The first stop was at the vending machines. Kanna wanted to get a treat, and the arcade had what was still a fairly rare type of jihanki: the kind which dispensed snacks made from bugs. Kanna's fascination with insects stretched into the culinary, and she was always on the lookout for cricket crackers and imported barbecued waterbugs. Saikawa, who dearly wanted to love everything about the world's most beautiful girl, mostly tried not to look and, when they were working on their biology school assignments together, always had to remind Kanna that 'crunchy' wasn't a teacher-approved genus.

After that, they explored -- for that value of 'they' which meant Saikawa and Kanna knew where everything was, but the white-haired girl had to show the boy around. And he continued to have his attention caught by the strangest things. Like the butcher shop.

Saikawa didn't understand why he wanted to look at the butcher shop so closely, and dearly wished he would go anywhere else. Just for starters, you couldn't actually head inside. The glass display cases took up the whole of the entrance, and everything behind them was the butchery area. So the best anyone could get for coolness was whatever came over the top of the case -- and while that was chillier than most of what was in the arcade, the air current also carried a distinctive collection of scents.

"In the open?" he half-whispered as adults and kids moved around them, with the butcher occupied by a rather complicated order. "They just keep it where anyone can see and smell --"

He's not a vegetarian. The boy had eaten sweet and sour pork. With pineapple. For Saikawa, it created a certain basic doubt as to whether he was human.

"They eat a lot of meat here," Kanna softly replied. "The Lady Tohru buys from Mr. Tatsuta all the time."

"...she does?"

"Yes."

"And not fruits and vegetables."

Kanna gestured in the appropriate direction. The boy's too-green eyes tracked the pointing finger, and a curious gaze eventually found the produce shop.

"Oh," the boy said. "But... it's just right here..."

"It's good to have meat," Kanna decided. "Mr. Tatsuta gives the Lady Tohru extra pieces all the time."

"Why?"

Kanna pondered the question.

"Because," the girl bluntly said, "he thinks she's pretty. So if he gives her extras, then she buys from him more. And he can keep looking at her."

She is pretty.

Kanna was the most beautiful girl in the world, and Miss Tohru was an adult. Far too old. But most people saw beauty in the blonde foreigner. Saikawa did too. Just as long as she looked directly --

-- don't --

"We won't pick up anything," Kanna stated. "The Lady comes through here nearly every day. And we don't have insulated bags. Unless you wanted something?"

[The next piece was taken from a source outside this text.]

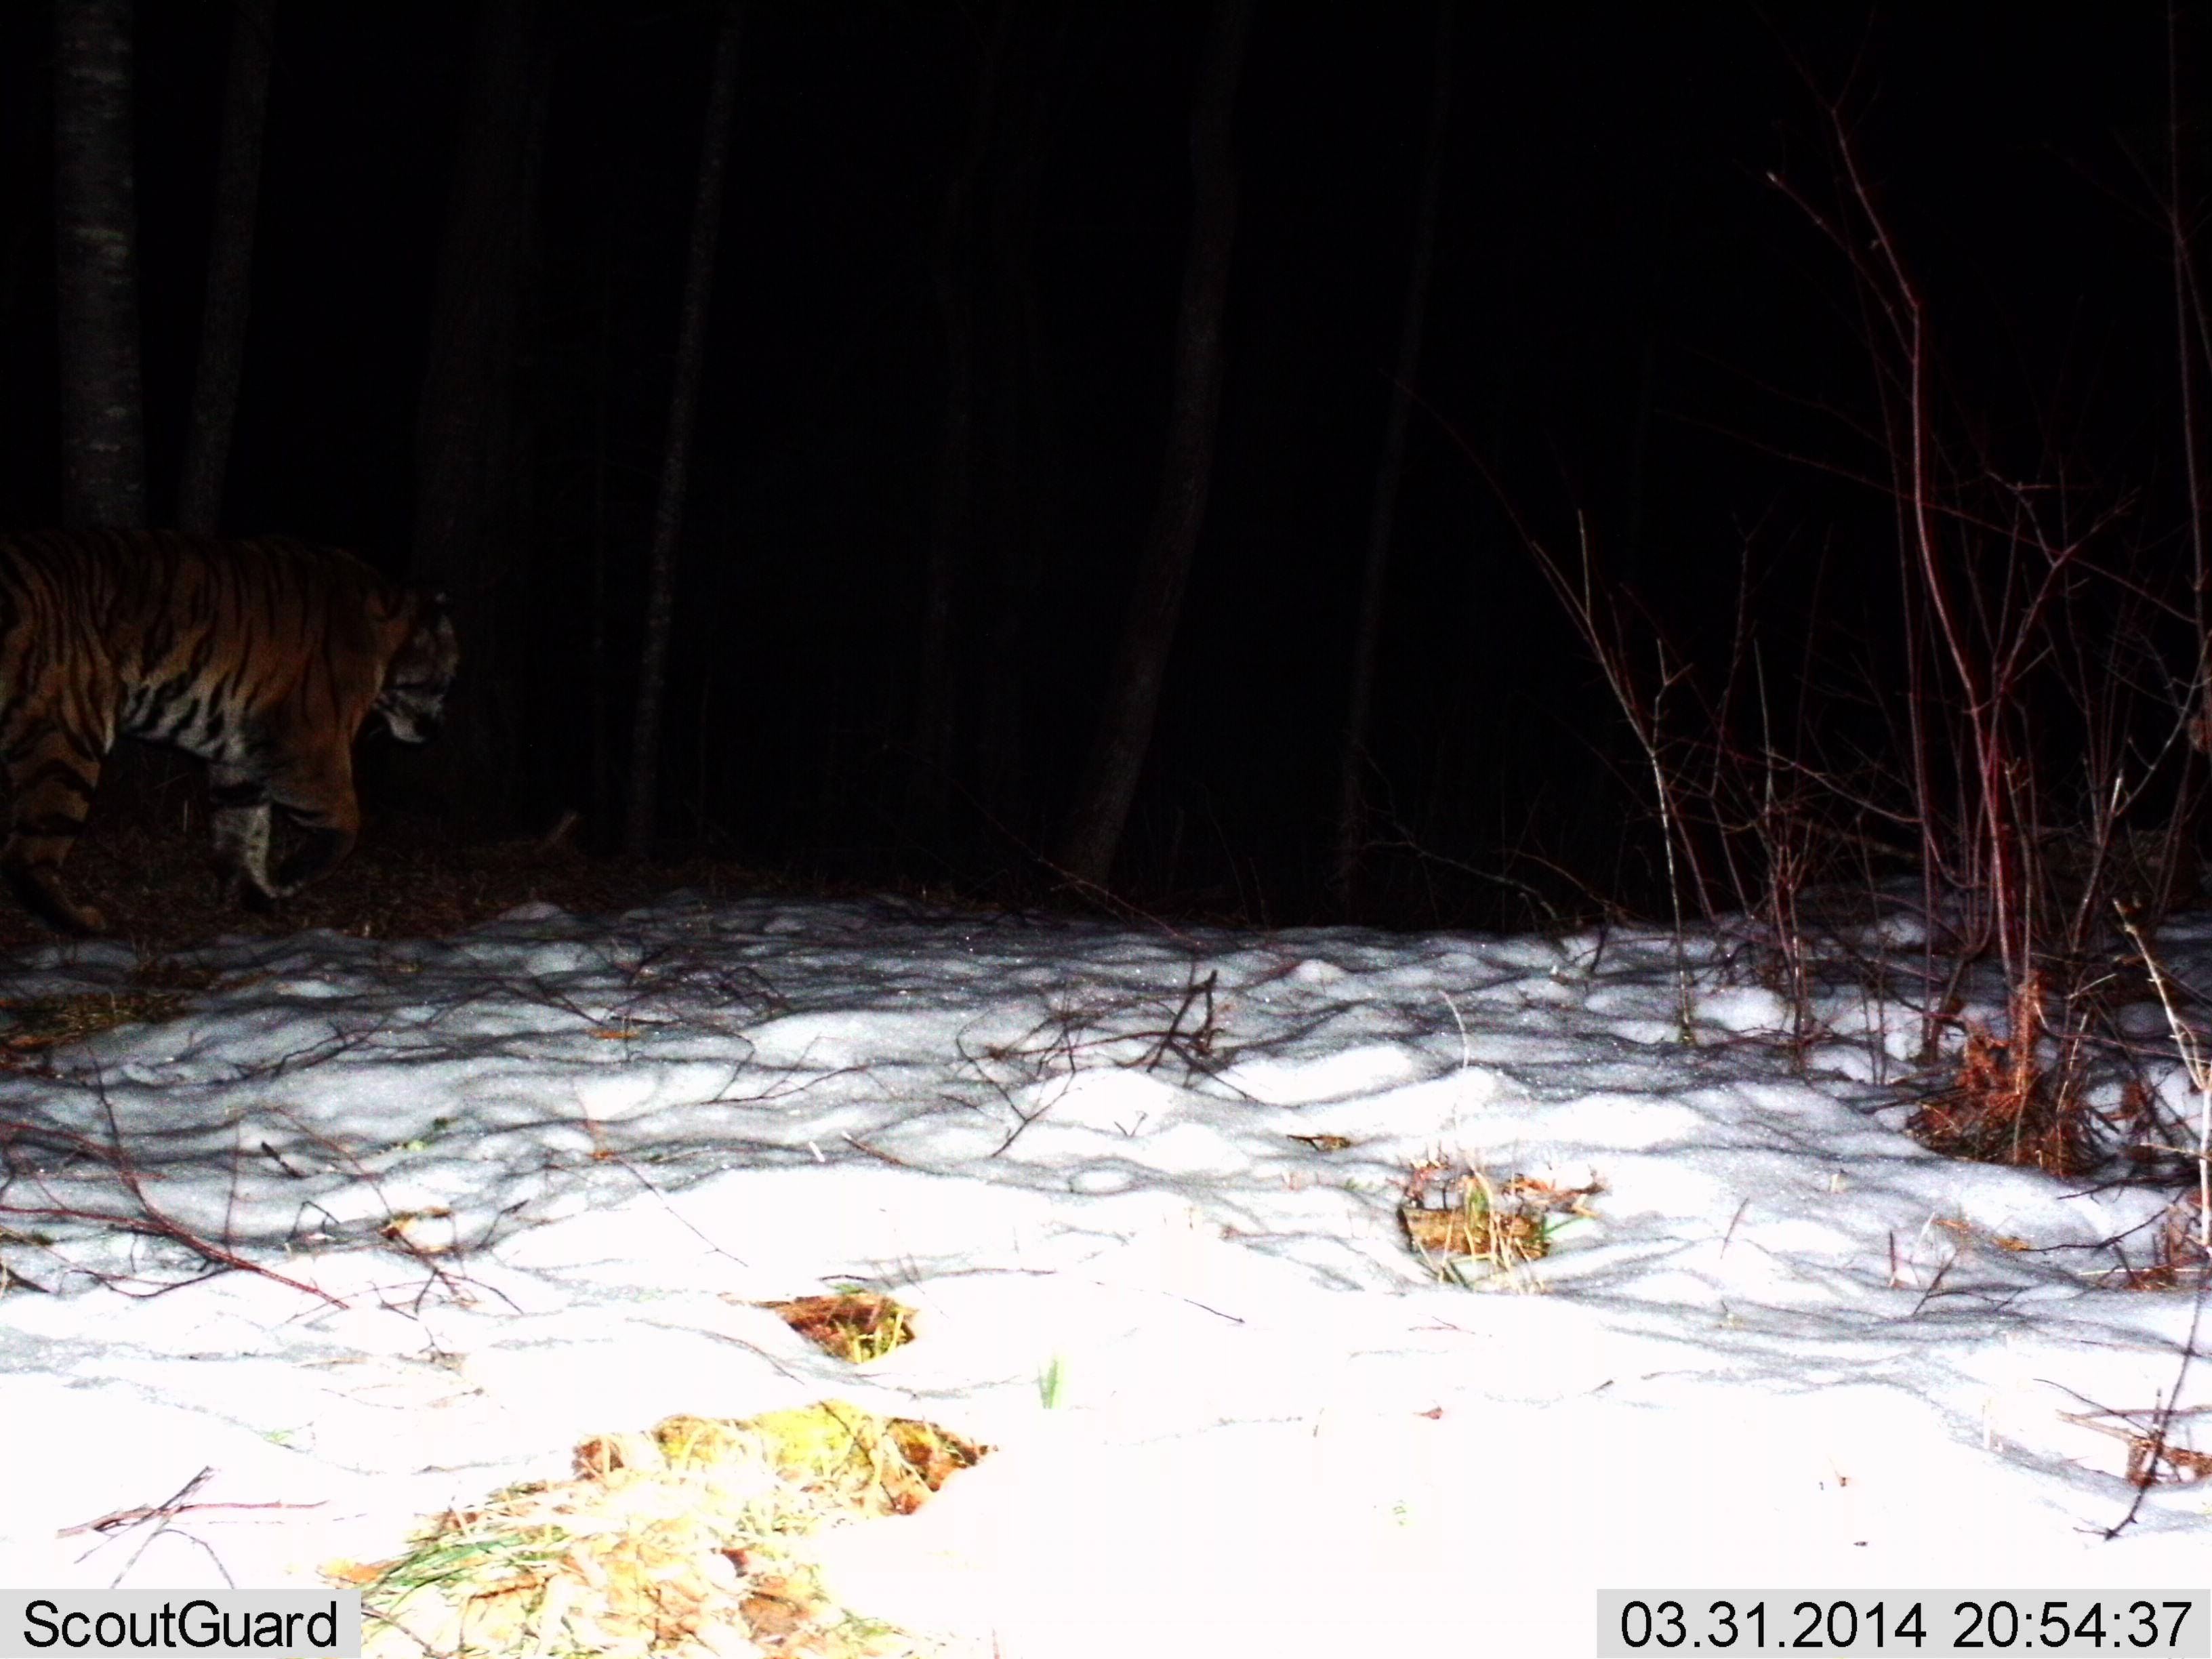 图为红外相机拍摄到的东北虎。组图由黑龙江老爷岭东北虎国家级自然保护区管理局提供。

He paused. Looked over the selection carefully, then shook his head. This was followed by removing his backpack and fishing around inside it for a few seconds, reaching past the empty bentō boxes. He extracted something in a closed fist and before Saikawa could try to get a look at it, stuck it in his mouth.

His face suggested that he was sucking on a piece of candy. This was followed by a rather loud crunch. A little bit of edged purple appeared along his lips, and the narrow tongue quickly reclaimed the fragment.

Foreign candy. Saikawa clearly hadn't dug far enough into the backpack. It had to be a better snack than raw meat, although she wasn't sure how it compared to cooked bugs and had no intention of finding out.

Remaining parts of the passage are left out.